Aku berlari di lorong rumah sakit mencari meja informasi untuk menanyakan ruang rawat Aisyah dan bayiku dimana. "Bayiku"?? Aku sedikit mendecih menertawakan diriku sendiri. Selama ini aku tak mengakui bayi di dalam kandungan Aisyah adalah anakku, dan kini aku mengakui itu bayiku? Lucu bukan.

"Permisi sus. Saya mau tanya kamar rawat atas nama Aisyah." Tanyaku saat sampai di meja resepsionis.

"Nyonya Aisyah dan baby Arsel sudah pulang Mas." Aku mengusap wajahku kasar mendengar ucapan suster itu. Tanpa pikir panjang aku kembali berlari mengambil motor dan segera pulang ke rumah mancari Aisyah dan bayi yang ia lahirkan. Aku mengendarai motorku dengan kecepatan tinggi,tak peduli itu akan membahayakan ku.

Sesampainya di rumah, aku memasuki rumah dan berlari ke arah kamar Aisyah, aku membuka kasar pintu kamar itu tapi kosong tak ada Aisyah ataupun bayiku. Aku melihat ke arah Ibuku dan Dini menuntut penjelasan dari mereka.

"Aisyah sudah Mamak suruh pergi dari rumah ini . Dan Mamak mau kamu ceraikan dia."  Aku tak mengerti maksud pembicaraan Ibuku.

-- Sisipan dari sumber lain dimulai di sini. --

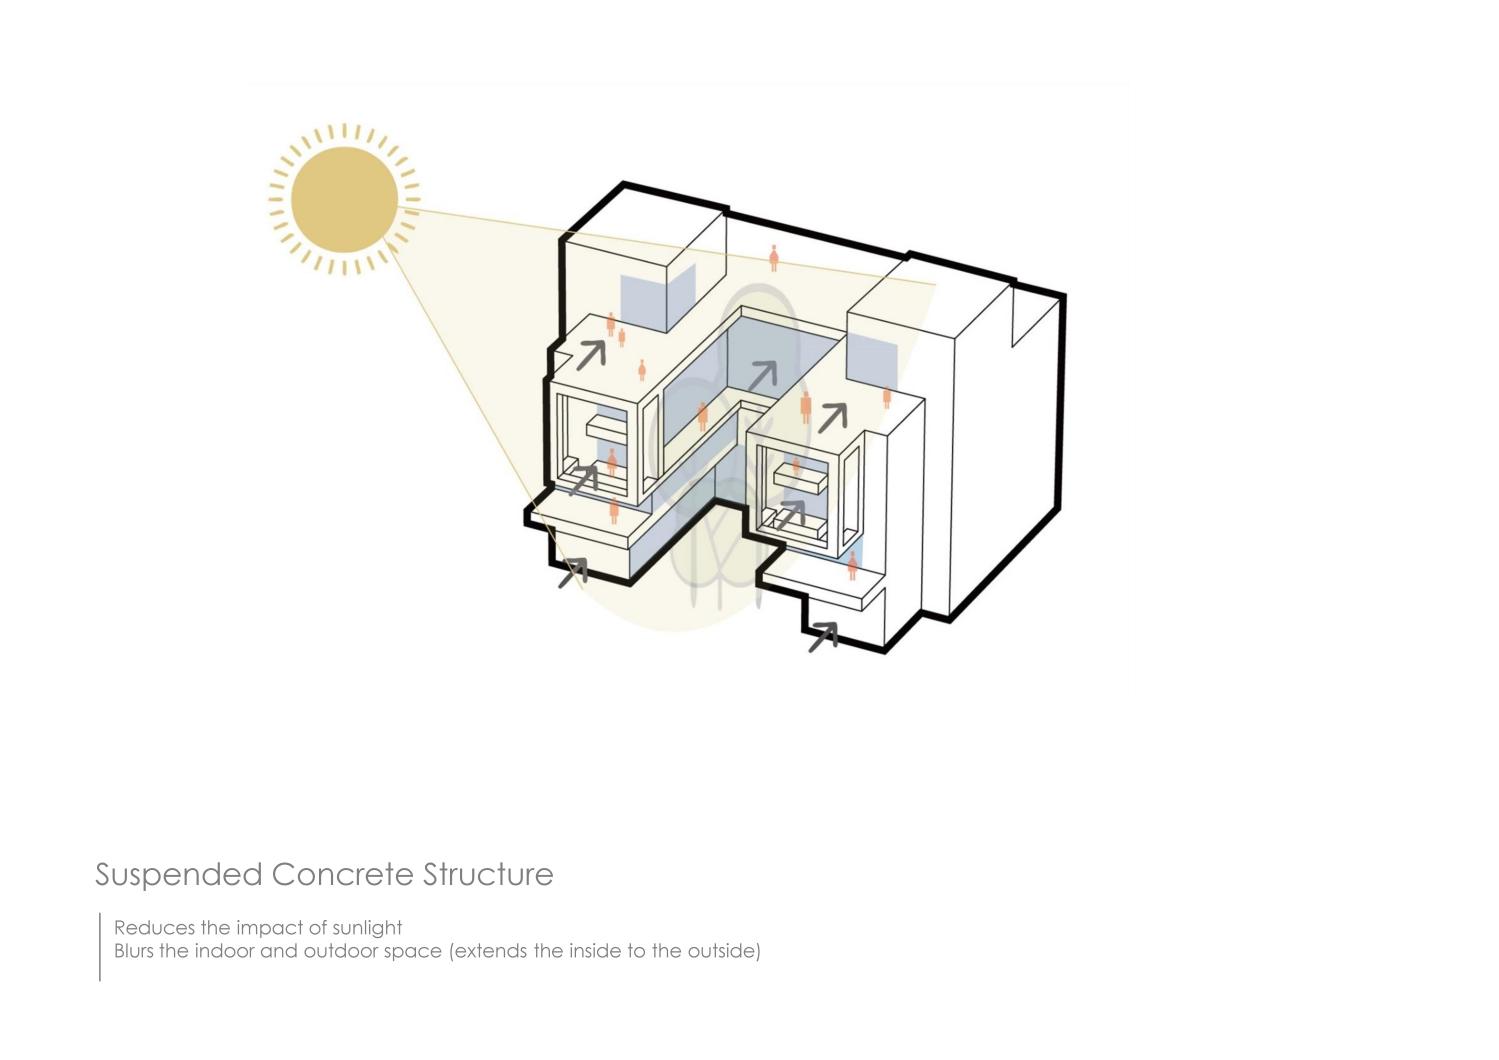 Suspended Concrete Structure Chain10 Architecture & Interior Design Institute}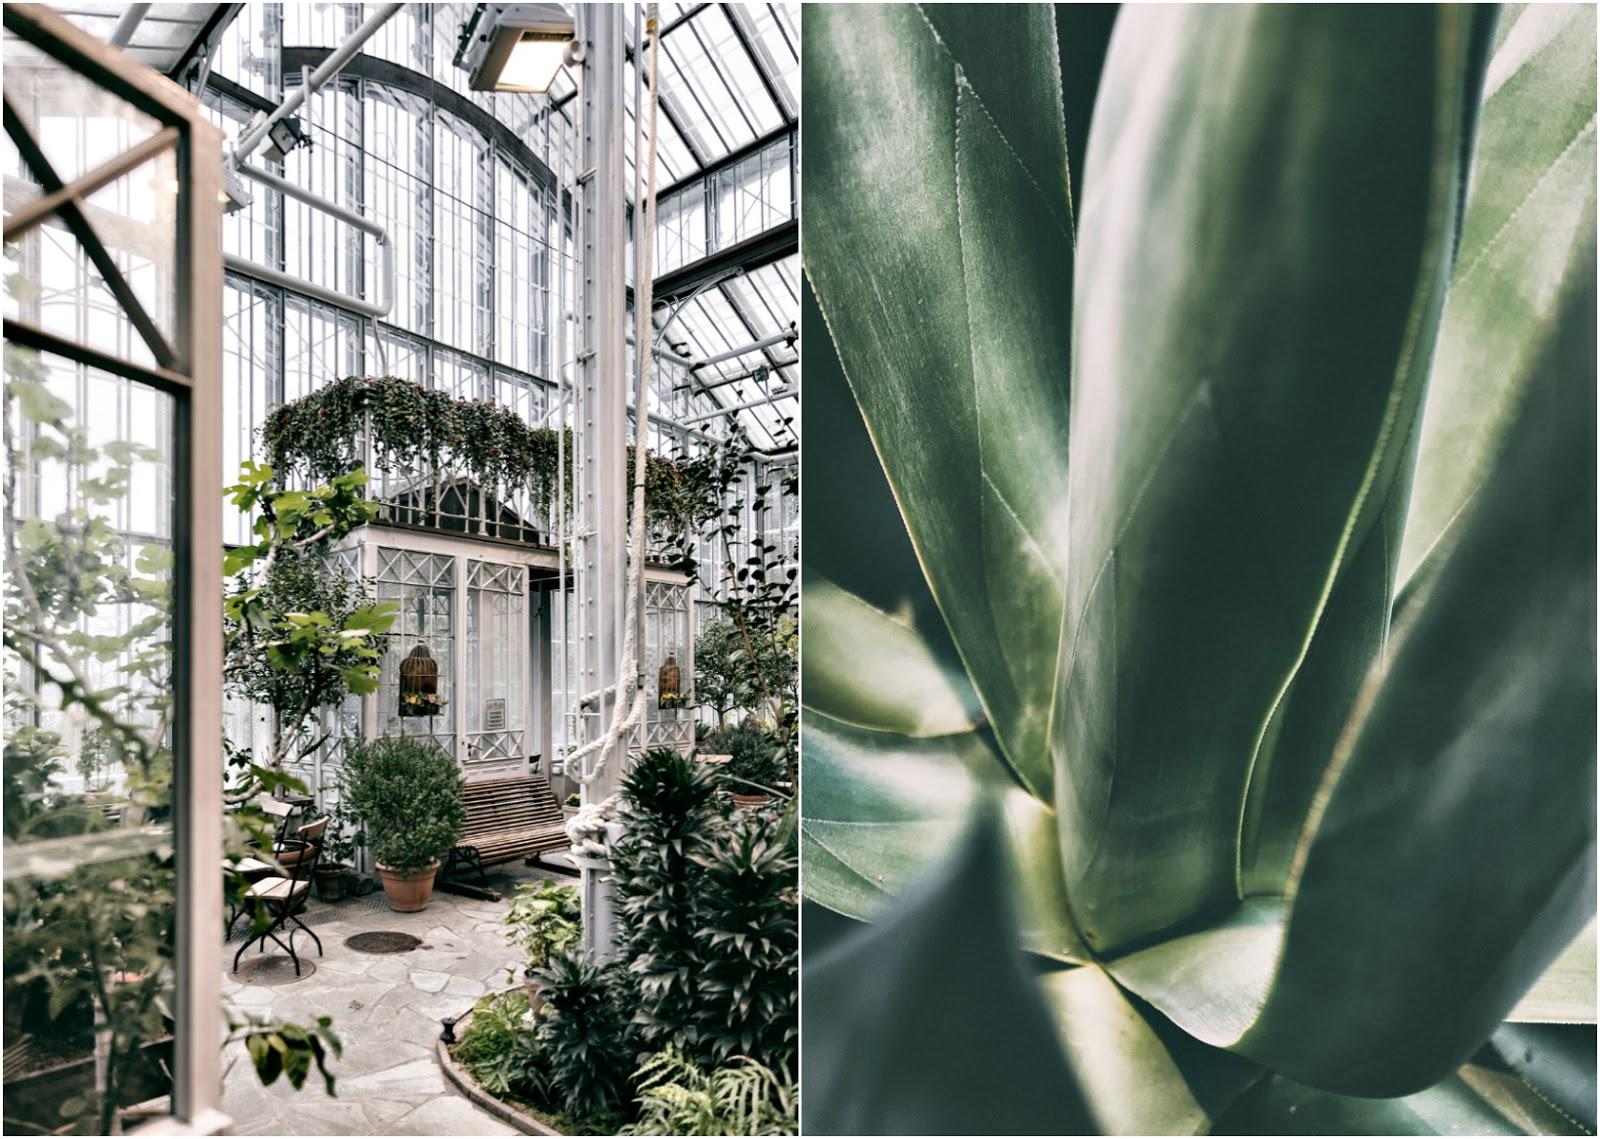 Talvipuutarha, Helsinki, myhelsinki, visithelsinki, garden, orangerie, puutarha, kasvit, kukat, viherkasvit, valokuvaaja, Frida Steiner, Visualaddict, visualaddictfrida

"Maksud Mamak apa? Aisyah istri aku dan aku mau lihat bayiku. Kenapa Mamak suruh dia pergi? Mamak nggak berhak ngelakuin itu. Dan apa maksud Mamak nyuruh aku menceraikan Aisyah?"  Jawabku sedikit membentak Ibuku.

"Cukup Gi, cukup Aisyah tersiksa akan keadaan dan situasi ini. Biar dia cari kebahagiaan dia. Kenapa baru sekarang kamu cari dia? Dulu kamu kemana? Bahkan kamu nggak pernah mengakui bayi yang Aisyah kandung adalah anakmu. Mama mohon tinggalkan Aisyah."  Aku berteriak frustasi. Apa aku sudah terlambat menyesali kesalahanku? Aku tak tau harus mengejar Aisyah kemana. Apa aku harus mencari Aisyah ke pesantren tempat ia tinggal dulu? Tapi apa yang harus aku katakan pada Mia untuk alasan pergi ke Palembang? Aku menarik selimut diatas ranjang dan melempar semua barang yang ada di kamar ini. Aku melihat foto pernikahanku dengan Aisyah yang belum genap setahun. Aku merasakan sakit di hatiku saat tak melihat sosok Aisyah di sini. Tanpa berkata-kata aku kembali mengendarai motorku. Bukan kembali ke rumahku bersama Mia. Melainkan aku segera menuju kota Palembang,aku harus segera mencari Aisyah. Menjemputnya pulang, dan meminta maaf padanya.

Author POV
Egi mengendarai motornya dengan kecepatan tinggi. Ia harus segera sampai secepatnya di kota Palembang sebelum malam tiba. Beruntung Aisyah masih menyimpan pakaian Egi yang tertinggal dirumahnya, Egi bisa membawa beberapa pakaian. Sejak tadi ponselnya berbunyi tapi ia abaikan. Ia tak peduli meskipun Mia akan sangat marah atas sikapnya ini. Kali ini yang ia pikirkan adalah Aisyah dan putri kecilnya. Yah, Egi sudah tau bahwa bayi yang dilahirkan Aisyah adalah bayi perempuan dan diberi nama Arsellia Azzahra. Nama yang cantik batin Egi saat mendengar penuturan ibunya itu.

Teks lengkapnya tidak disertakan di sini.